● DATA LISTING:
□ □ □ □ □
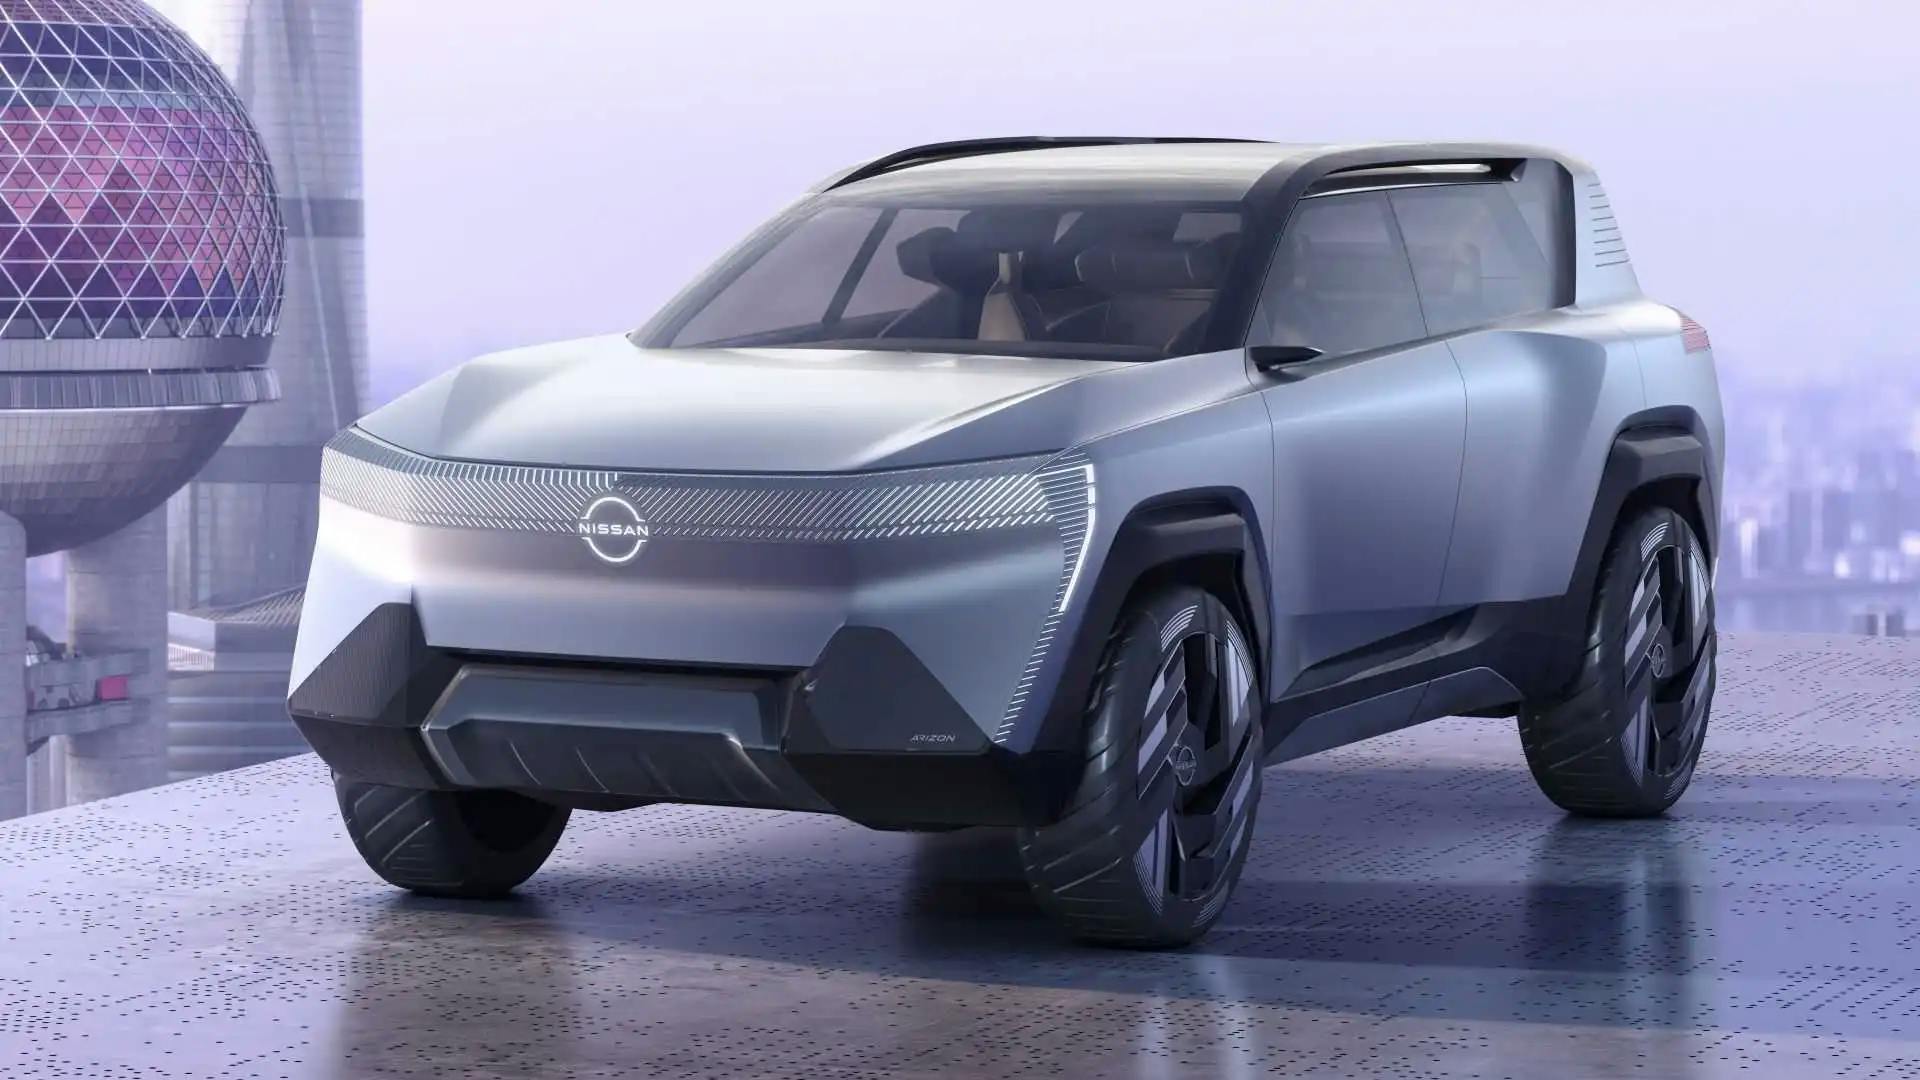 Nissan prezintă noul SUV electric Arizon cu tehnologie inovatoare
□ □ □ □ □
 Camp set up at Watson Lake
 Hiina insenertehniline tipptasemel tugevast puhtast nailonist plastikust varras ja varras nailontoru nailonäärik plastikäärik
□ □ □ □ □
Look above for the line with "Camp set up at Watson Lake" and the line with "Hiina insenertehniline tipptasemel". Write out those two lines and all the lines between them, exactly, and no others.

 Camp set up at Watson Lake
 Hiina insenertehniline tipptasemel tugevast puhtast nailonist plastikust varras ja varras nailontoru nailonäärik plastikäärik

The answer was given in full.